### Directions
The exercise calls for exact output of the lines between the one that contains "Buss fra SAS" and the end of the data, with both ends kept and pictures left out.

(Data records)
• • • • • • •

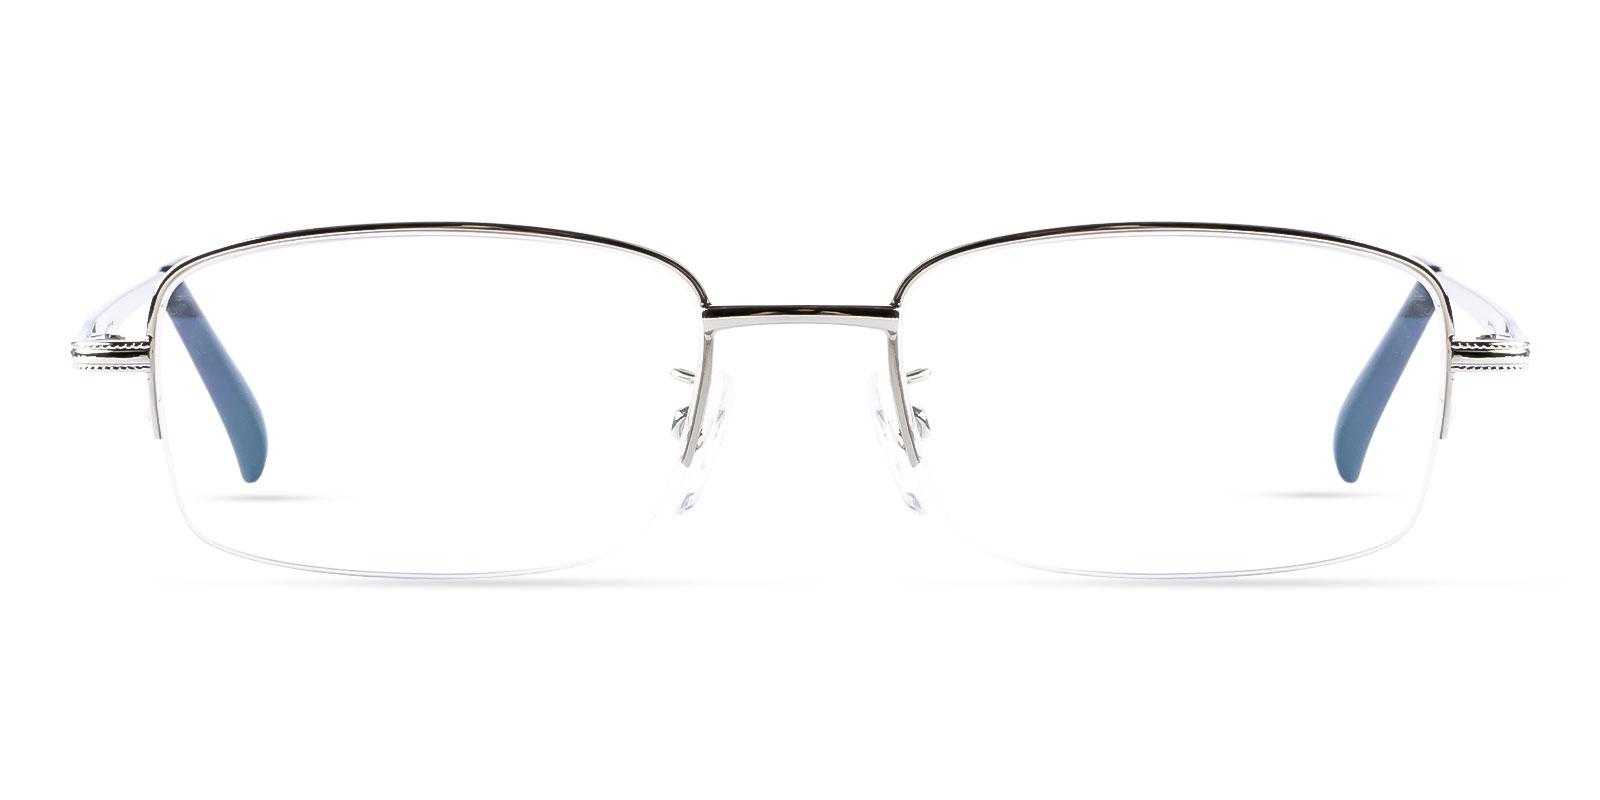 Gabon Silver Metal Eyeglasses , NosePads Frames from ABBE Glasses
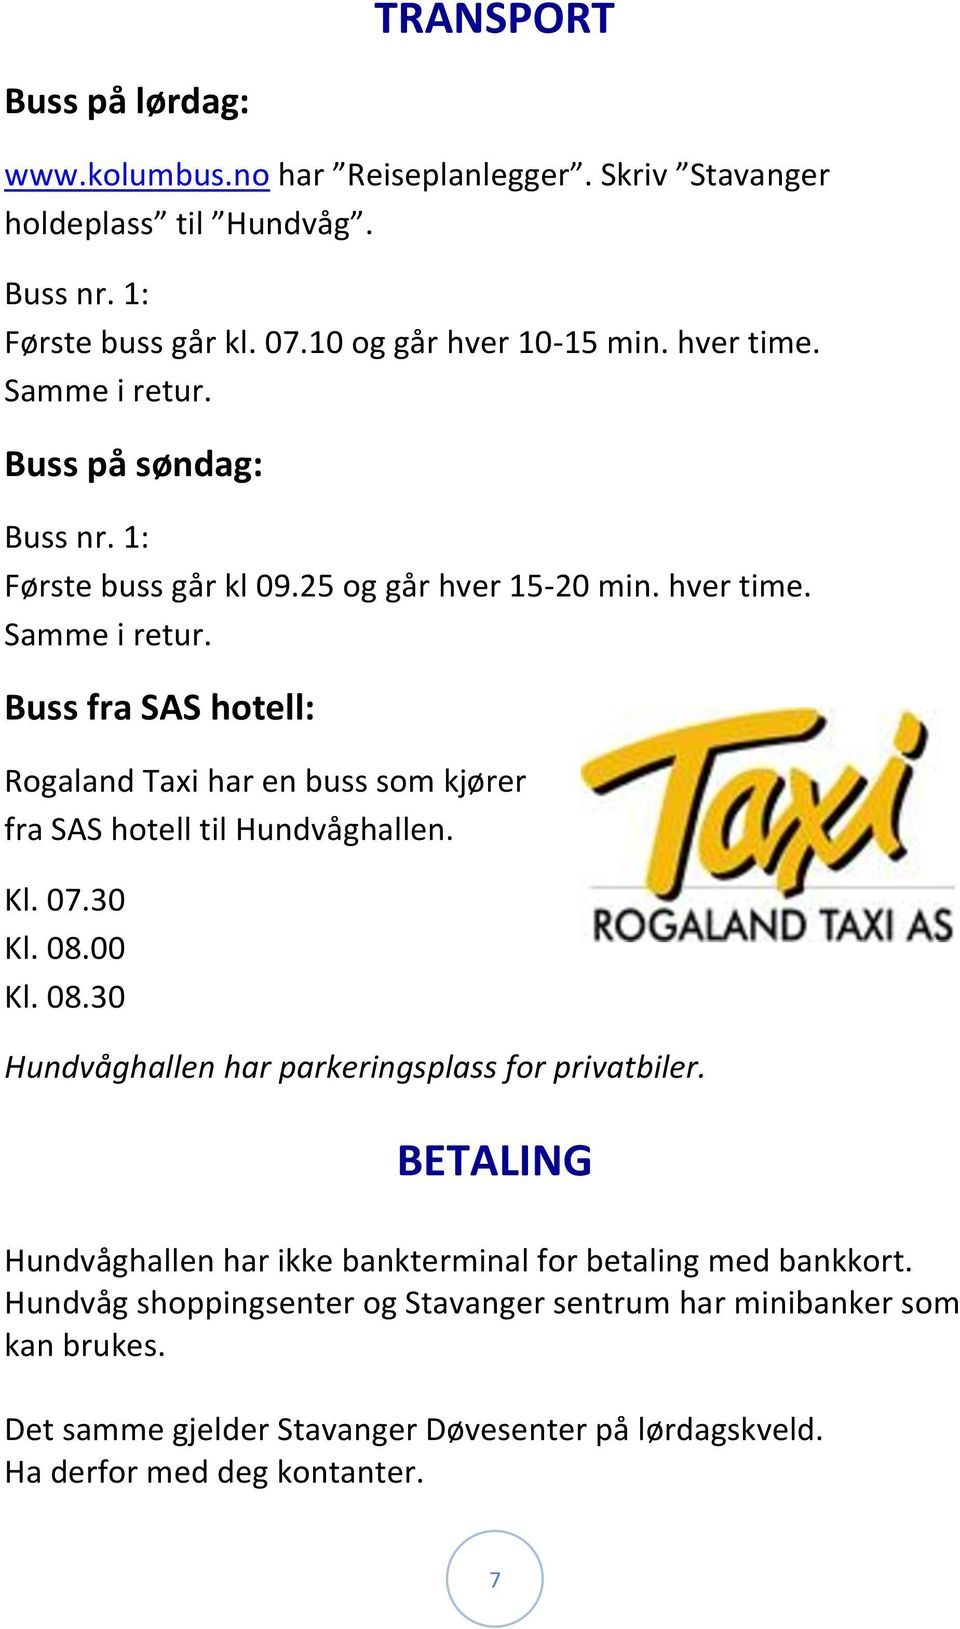 Buss fra SAS hotell: Rogaland Taxi har en buss som kjører fra SAS hotell til Hundvåghallen. Kl. 07.30 Kl. 08.00 Kl. 08.30 Hundvåghallen har parkeringsplass for privatbiler.
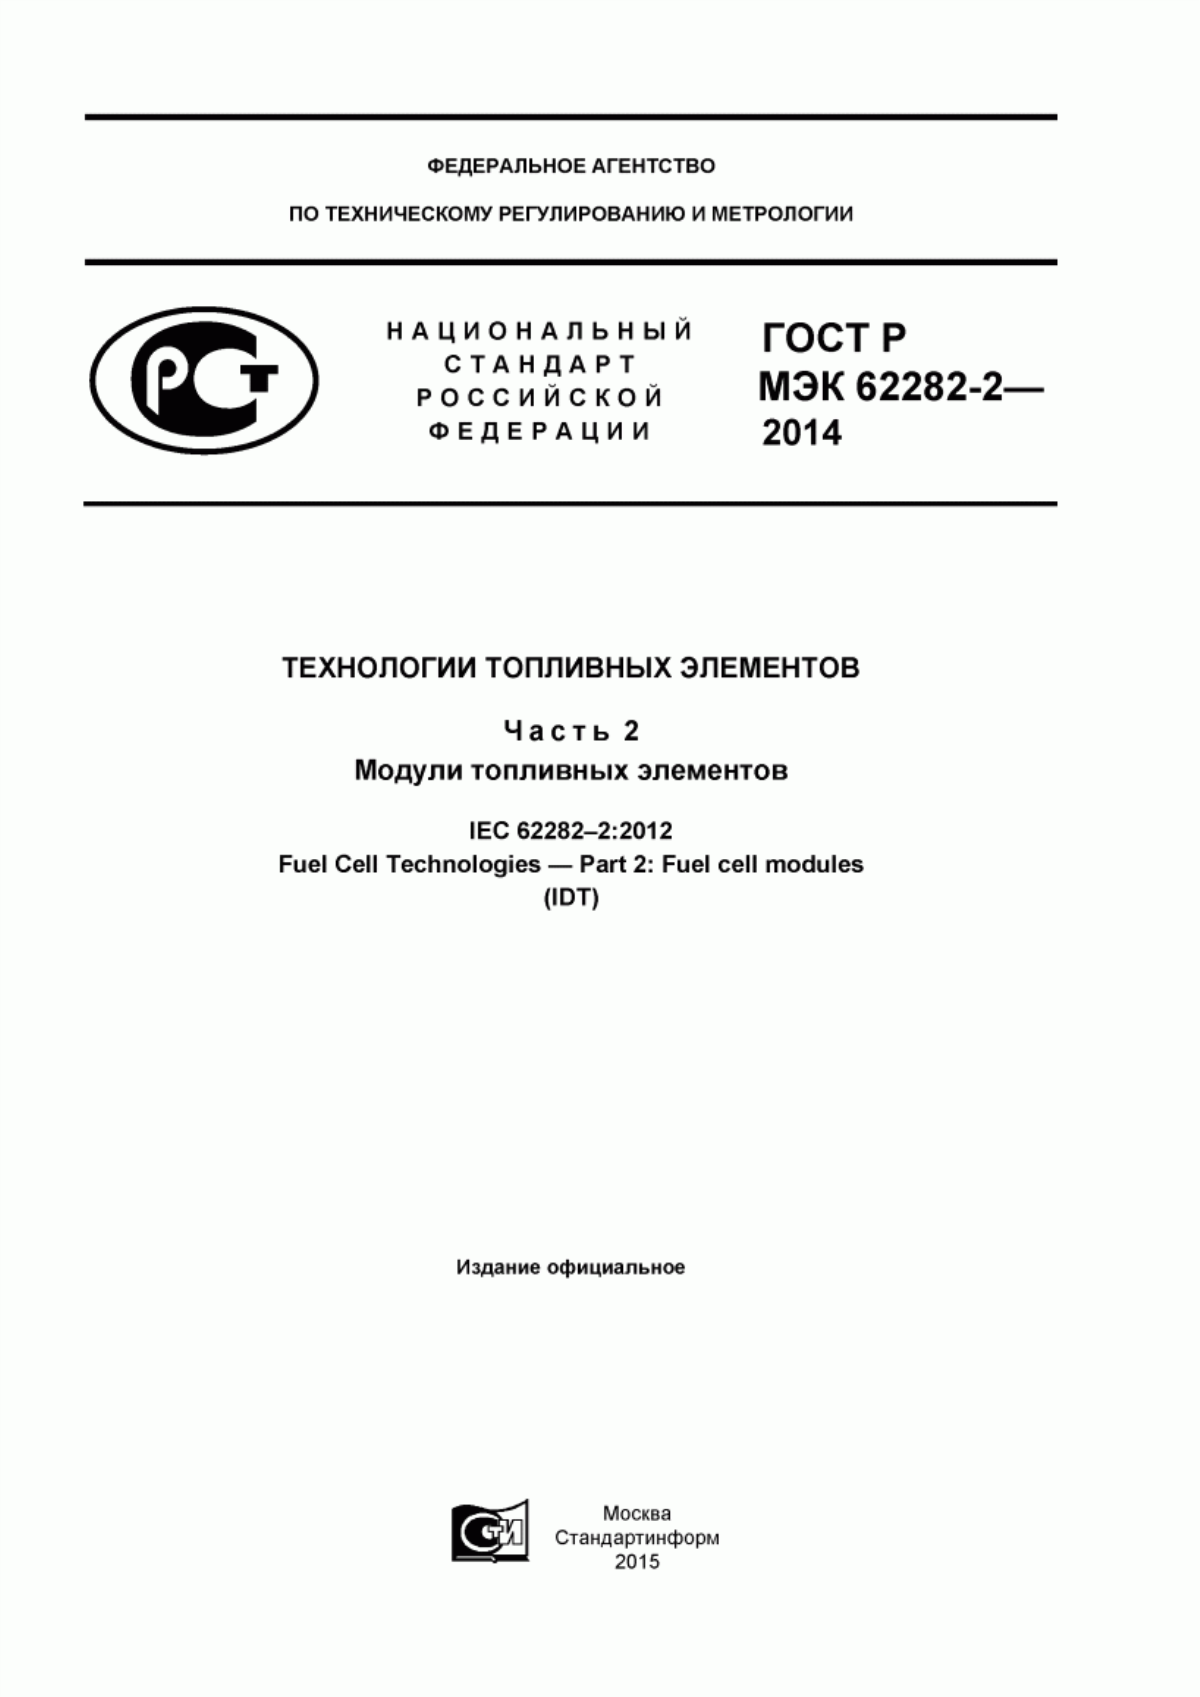 ГОСТ Р МЭК 62282-2-2014 Технологии топливных элементов. Часть 2. Модули топливных элементов
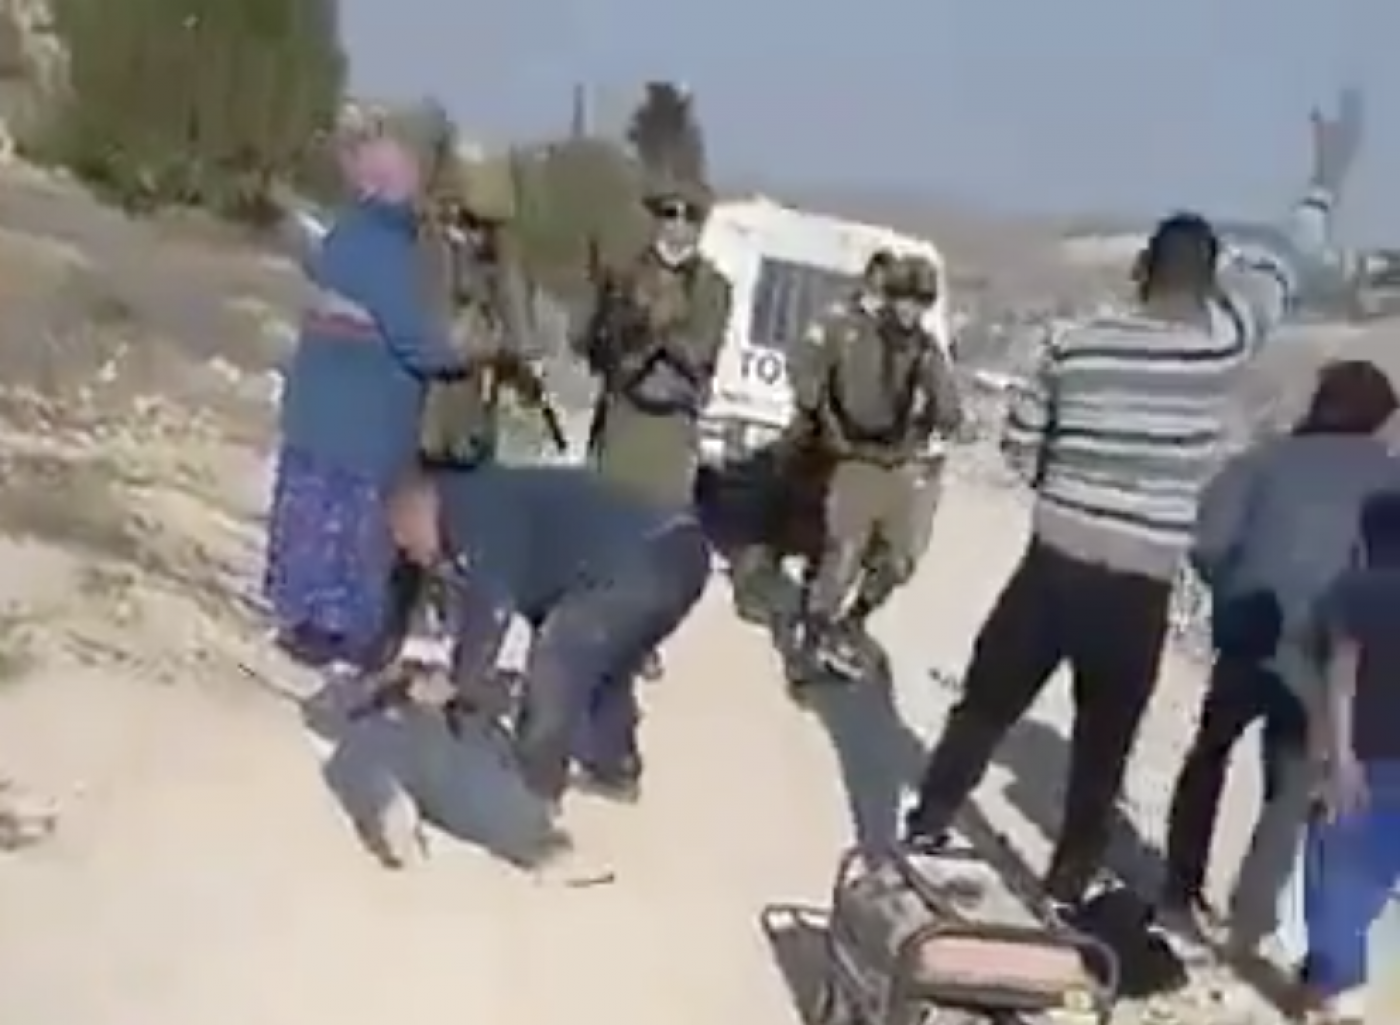 İsrail askerleri elektrik jeneratörüne el konulmasını engellemeye çalışan Filistinli genci boynundan vurdu
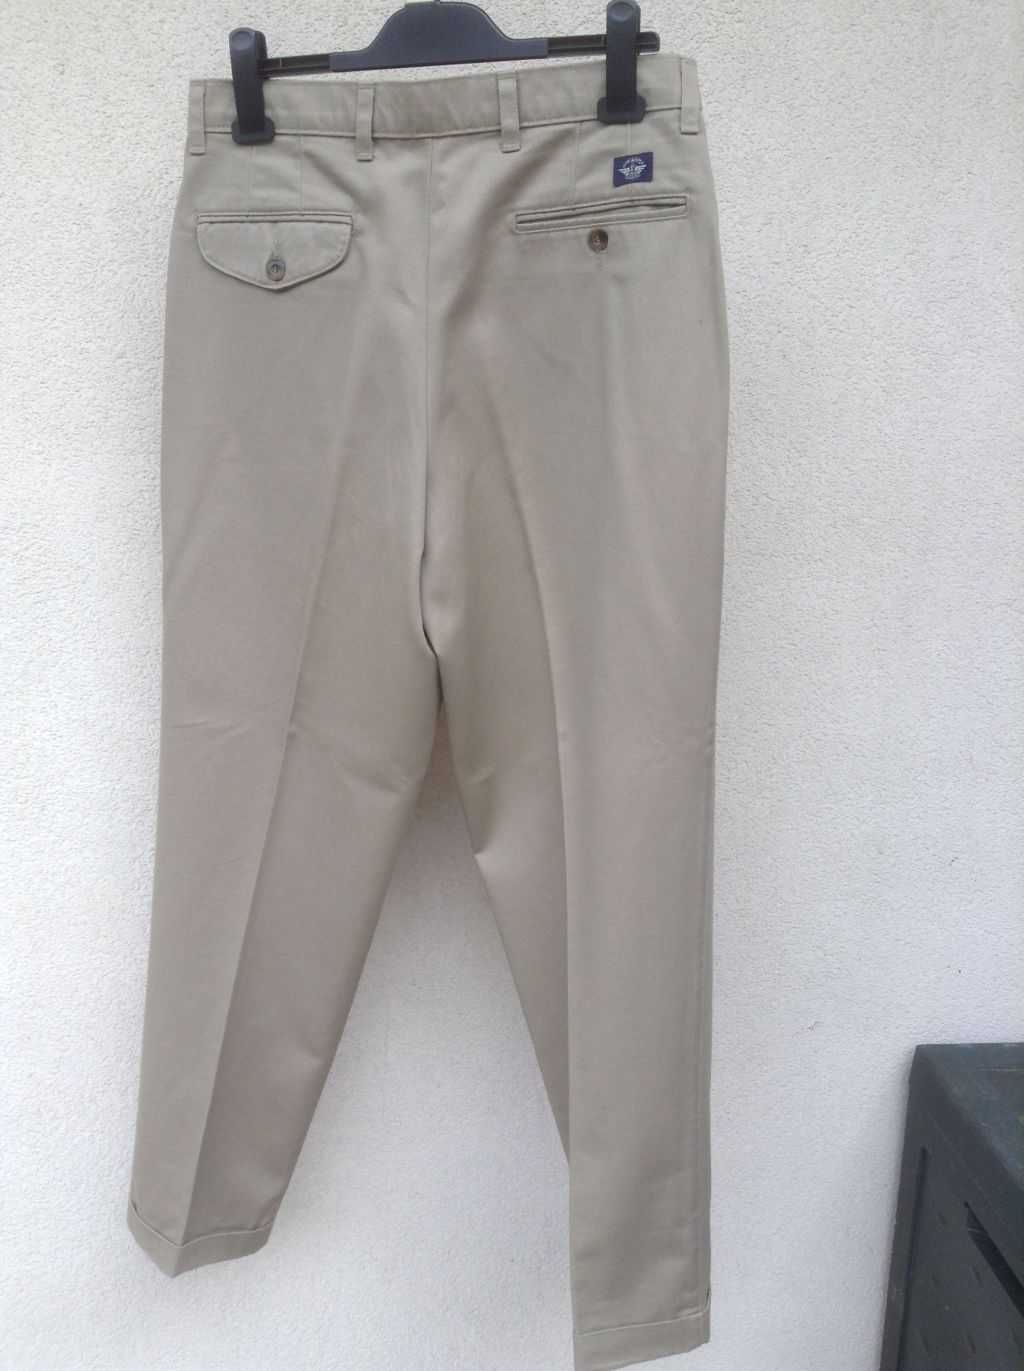 Spodnie męskie  DOCKERS 100% bawełna.  rozmiar- L32/W30.

• • • • • • •

### Output for this exercise
 Buss fra SAS hotell: Rogaland Taxi har en buss som kjører fra SAS hotell til Hundvåghallen. Kl. 07.30 Kl. 08.00 Kl. 08.30 Hundvåghallen har parkeringsplass for privatbiler.
 ГОСТ Р МЭК 62282-2-2014 Технологии топливных элементов. Часть 2. Модули топливных элементов
 İsrail askerleri elektrik jeneratörüne el konulmasını engellemeye çalışan Filistinli genci boynundan vurdu
 Spodnie męskie  DOCKERS 100% bawełna.  rozmiar- L32/W30.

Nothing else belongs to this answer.